* **Dataset excerpt**:
────────────────────────────────────────

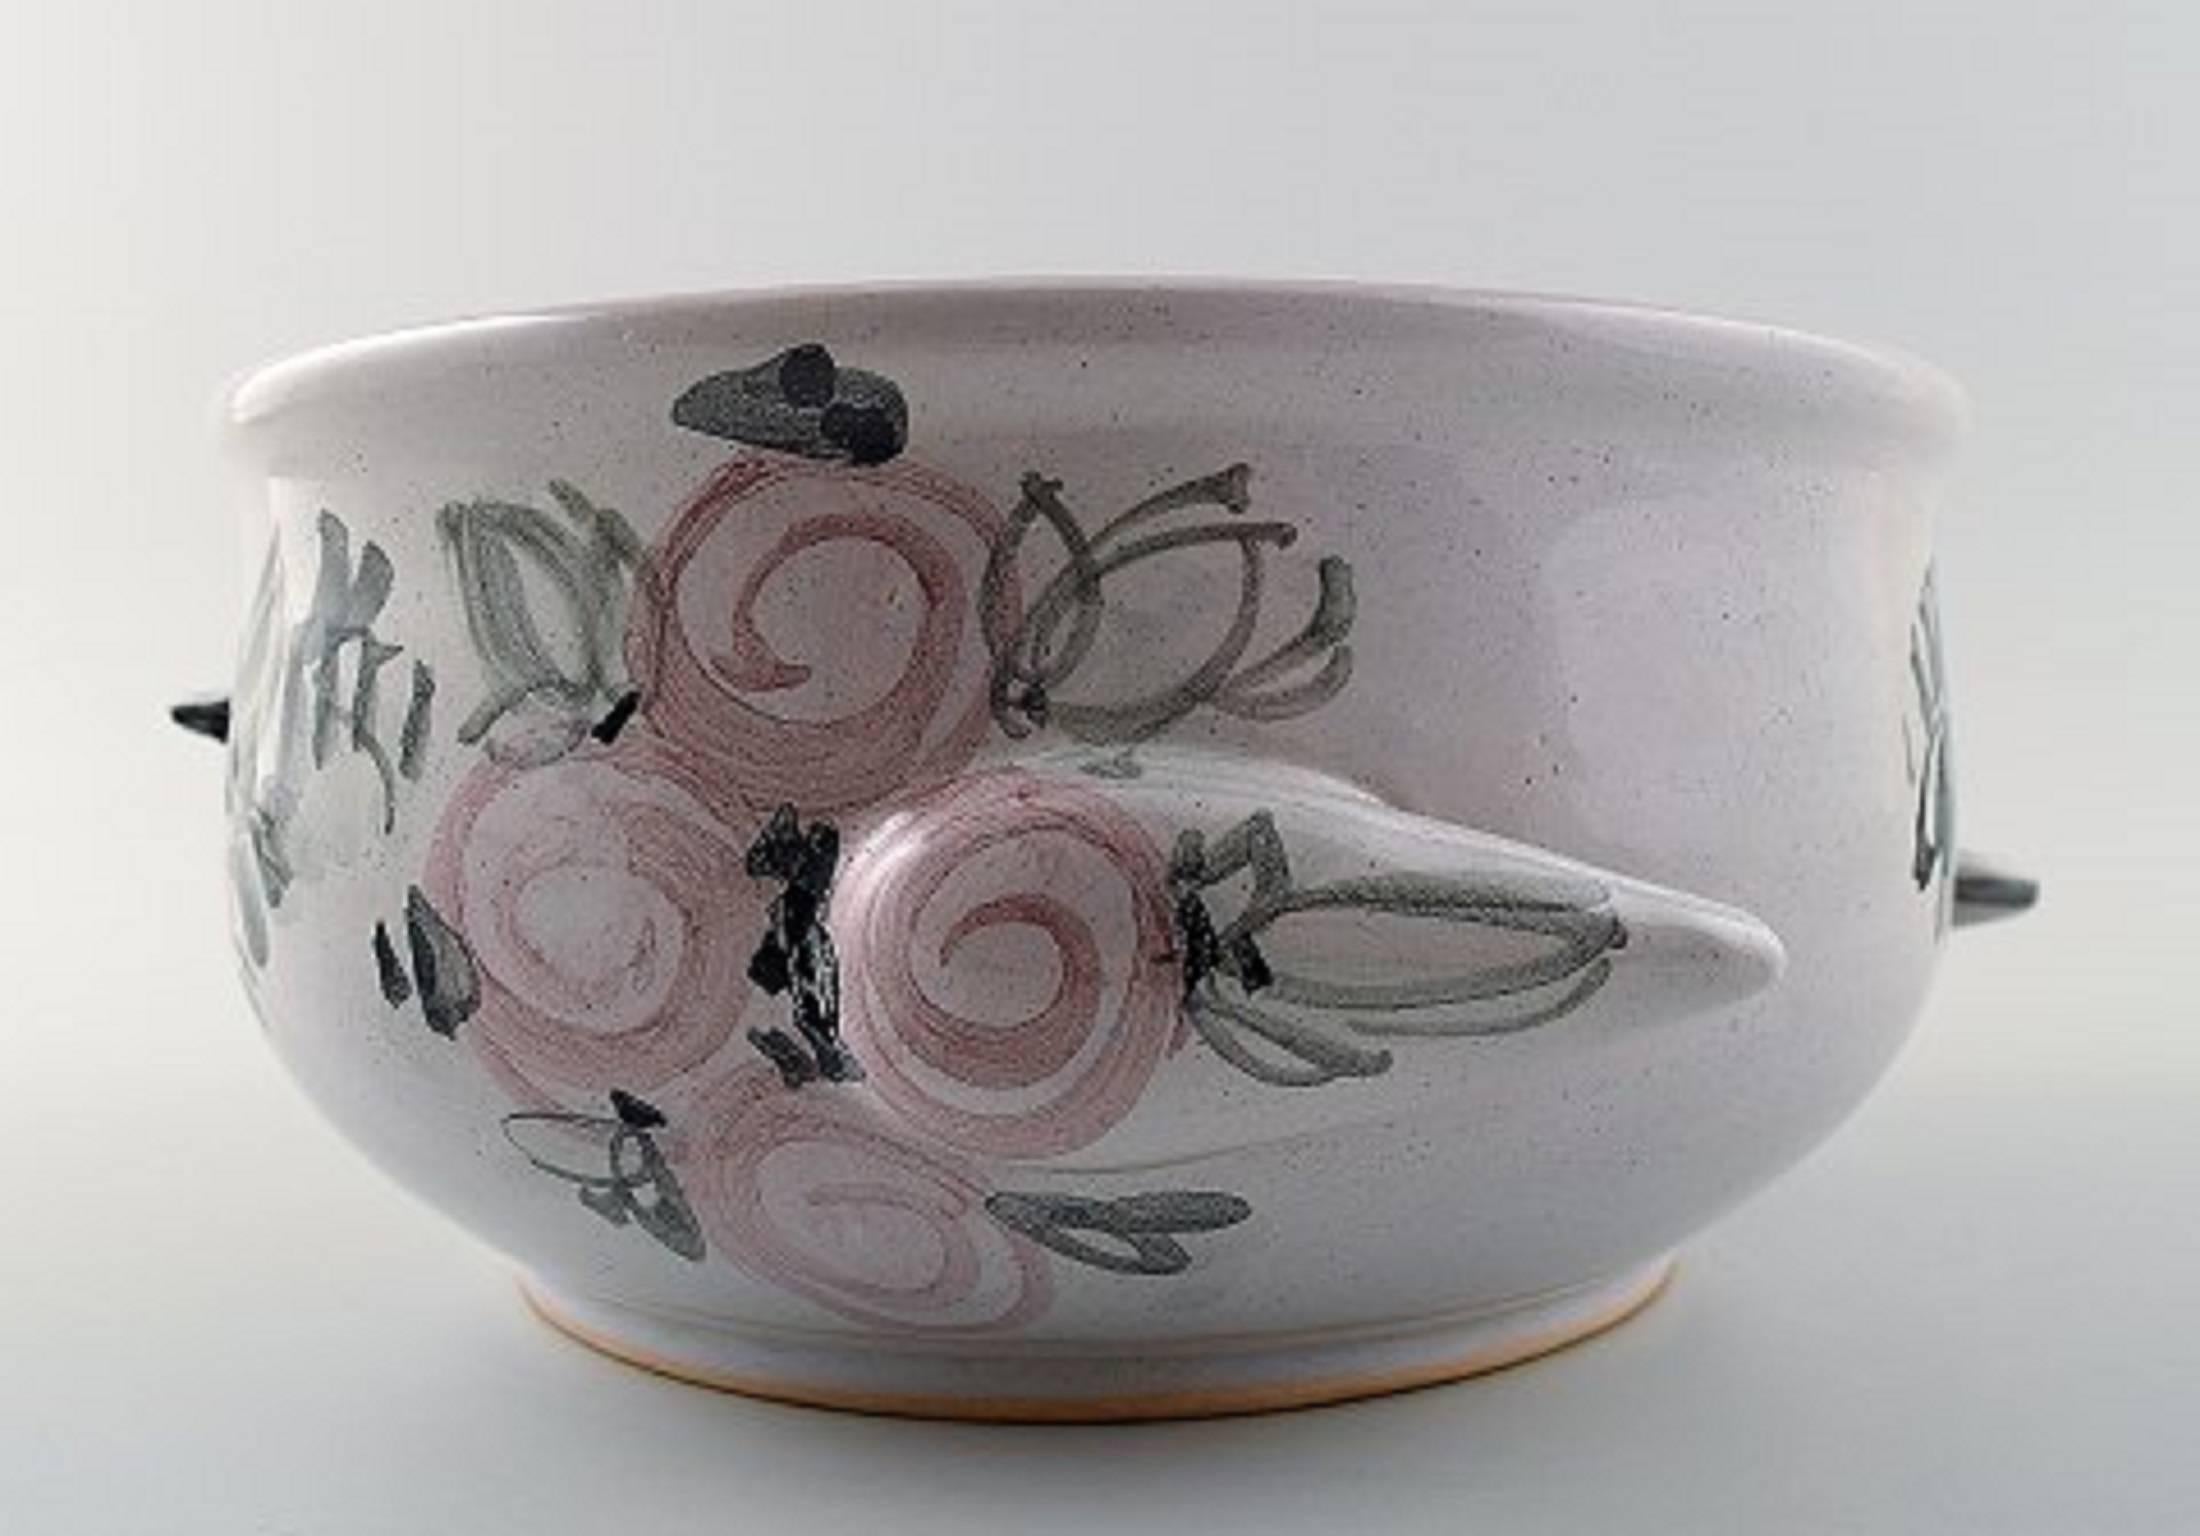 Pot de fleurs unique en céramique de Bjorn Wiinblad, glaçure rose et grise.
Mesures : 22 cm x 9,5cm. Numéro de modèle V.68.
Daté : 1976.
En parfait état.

────────────────────────────────────────

* **Your objective**: Without including any picture, reproduce the material above word for word.

* **Answer below**:
 Pot de fleurs unique en céramique de Bjorn Wiinblad, glaçure rose et grise.
Mesures : 22 cm x 9,5cm. Numéro de modèle V.68.
Daté : 1976.
En parfait état.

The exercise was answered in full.